Availity is a registered trademark of Availity, L.L.C., an independent, third party vendor.
Blue Cross and Blue Shield of Oklahoma (BCBSOK) requires prior authorization for all inpatient admissions for all lines of business. If the admitting physician obtained prior authorization for a planned inpatient admission, BCBSOK does not need concurrent review if the patient is discharged within the pre-approved length of stay.
Facility Address Reminder
If you are a facility that files claims on a UB-04 claim form, please remember to follow the guidelines listed in the current UB-04 Editor .
When you have a different billing and physical address, please use Box 1 to list your physical address and Box 2 to list your billing address. This helps to expedite claims processing and ensure there is no confusion as to where the services were rendered.
This user guide will also assist you with identifying the fields that are required to be completed per our claims processing guidelines and help to eliminate unnecessary claim delays.

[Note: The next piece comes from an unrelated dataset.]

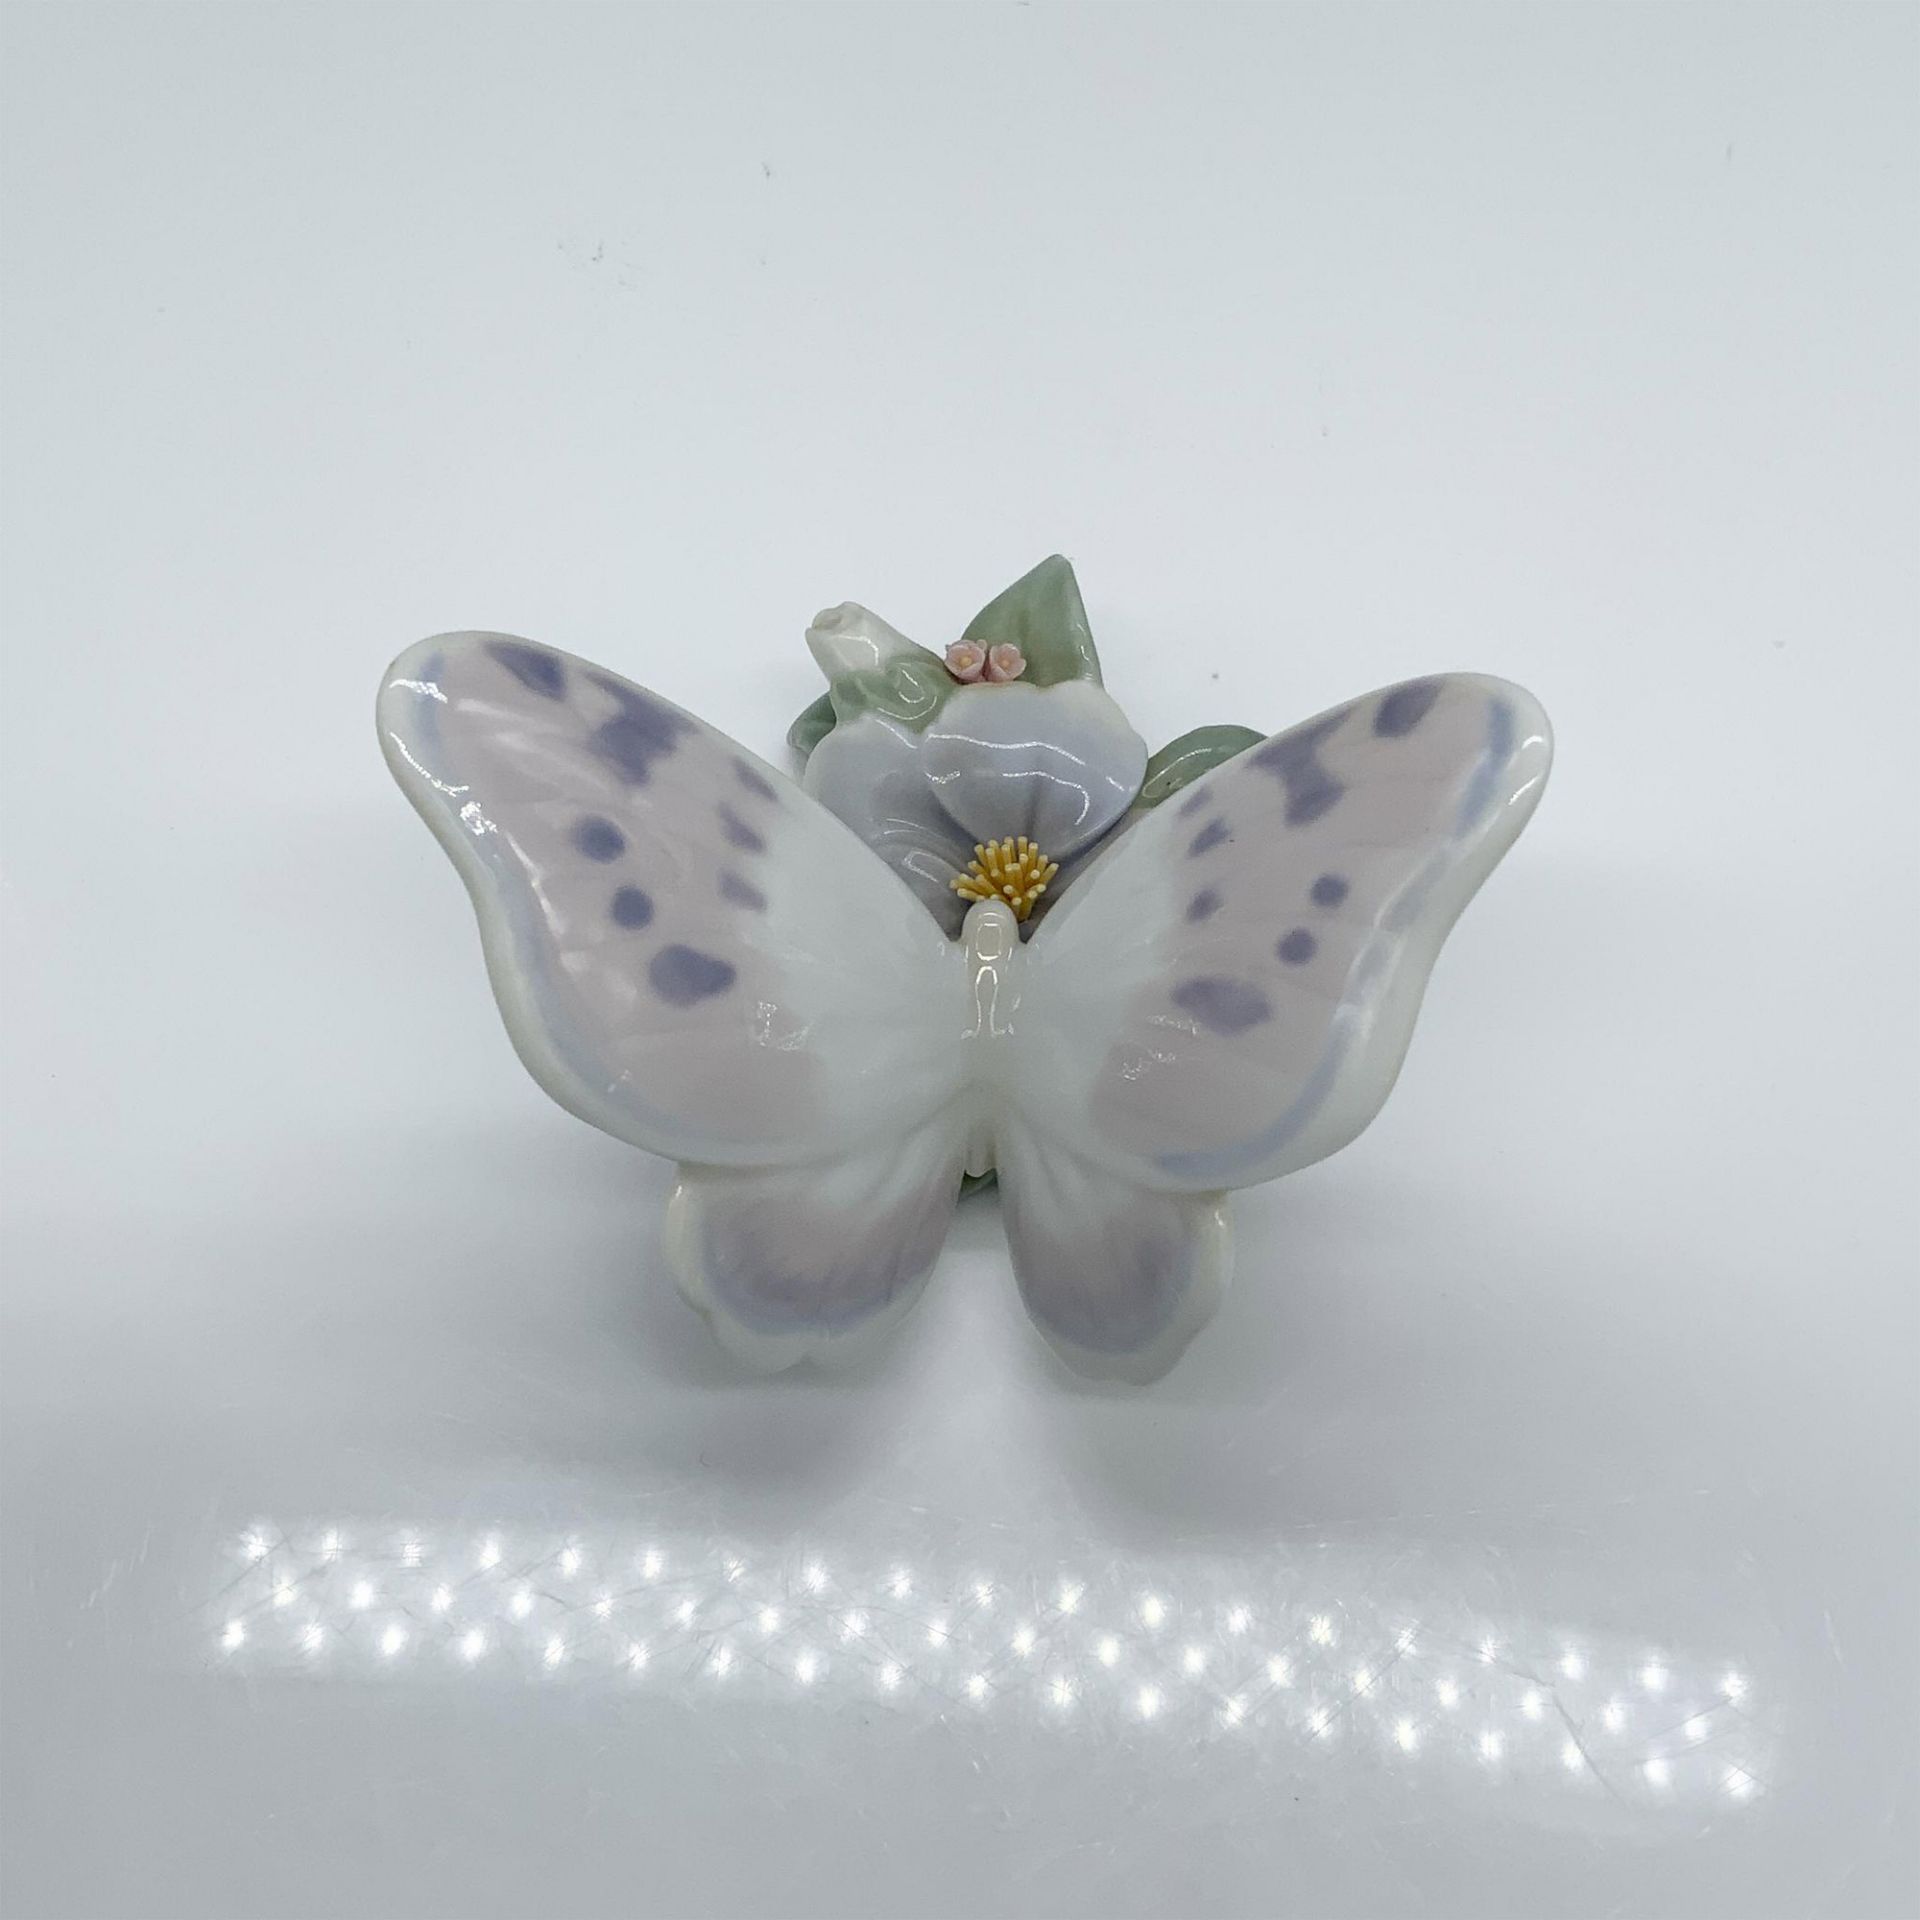 Refreshing Pause 1006330 - Lladro Porcelain Figurine - Image 2 of 4
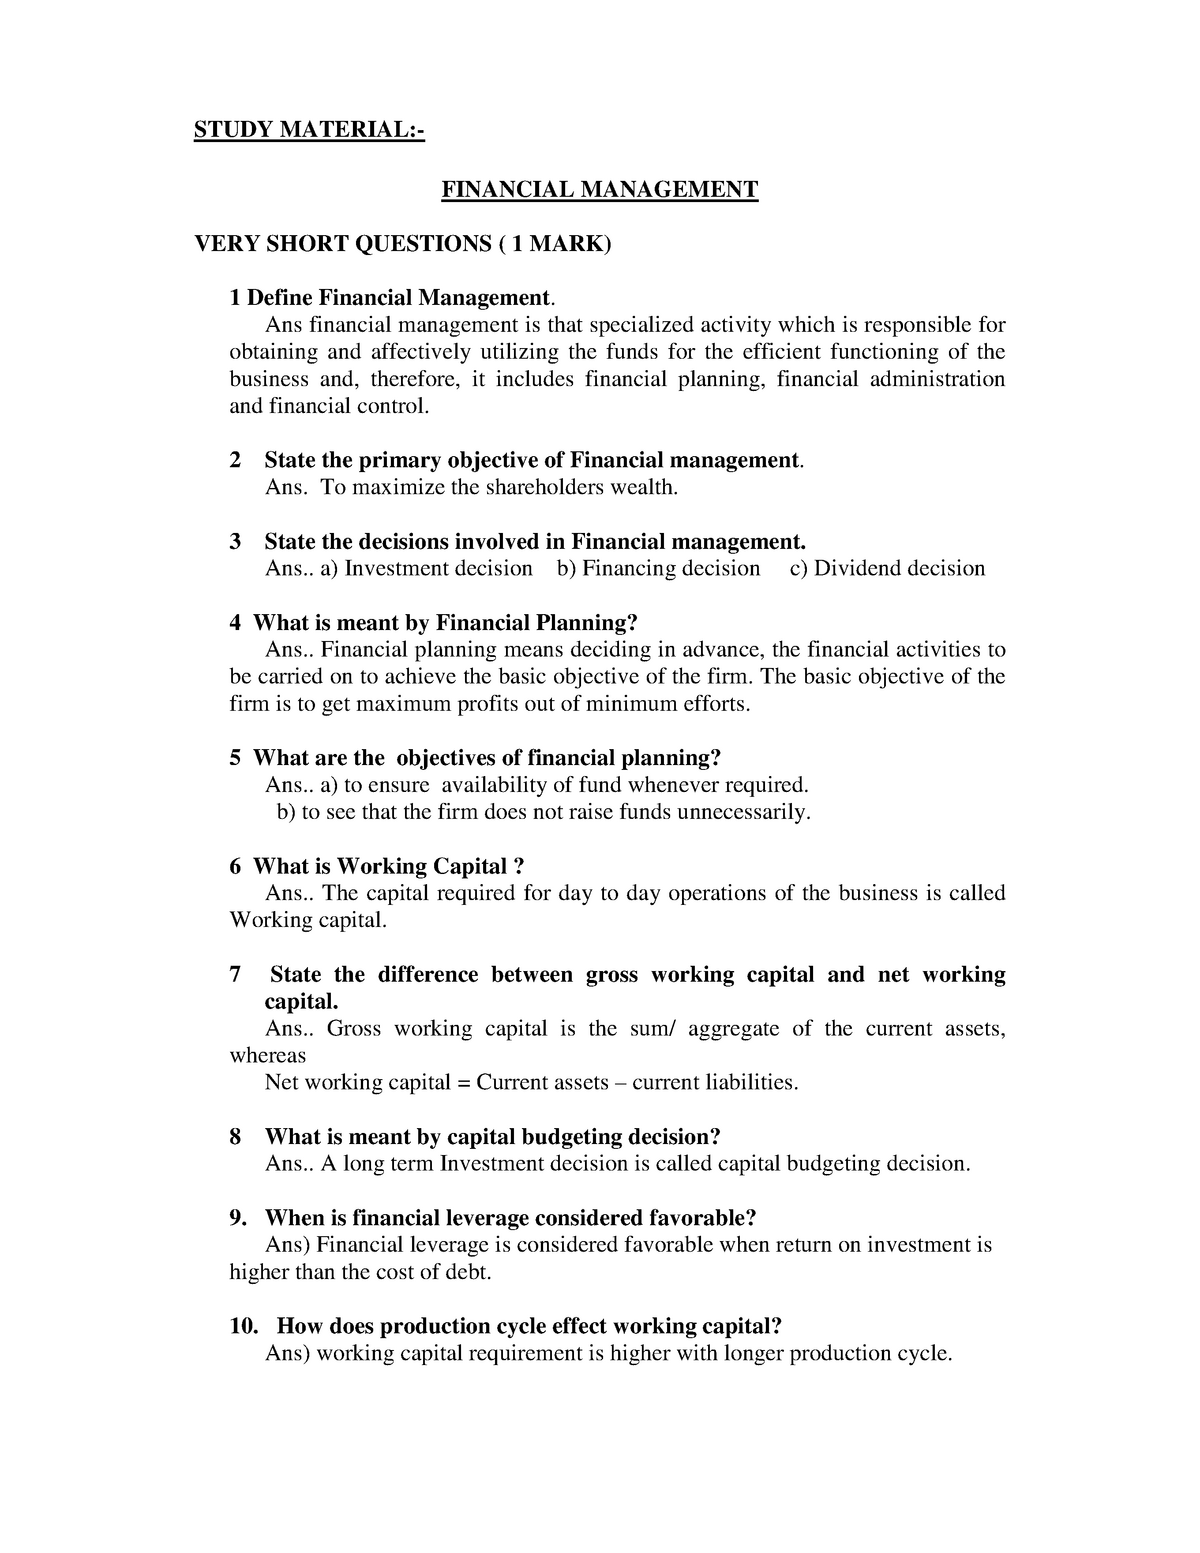 essay questions about financial management

Are you interested in filing your unlisted procedure codes for drugs and injections electronically, but unsure how? Providers often file unlisted procedure codes on paper claims in order to include the descriptions of the services rendered. The electronic format system for filing claims includes a descriptive field for each line of service, allowing providers to include the description of services rendered. This helps reduce the unnecessary filing of paper claims.
Claims and Correspondence Address Reminder
In an effort to provide our customers with timely and accurate claims processing service, please remember to submit all claims and correspondence to the following P. O. Box address:
BlueCross BlueShield of Oklahoma
P.O. Box 3283
Tulsa, OK 74102-3283
This address is the same for all lines of business and will allow us to better serve you in a timely manner.
If any other documentation other than the original claim submission is being sent to the above address, please remember to attach the Provider Claim Appeal/Reconsideration Review Request Form located on our Web site.
Taxonomy codes are administrative codes set for identifying the provider type and area of specialization for health care providers. Each taxonomy code is a unique ten character alphanumeric code that enables providers to identify their specialty at the claim level. Taxonomy codes are assigned at both the individual provider and organizational provider level.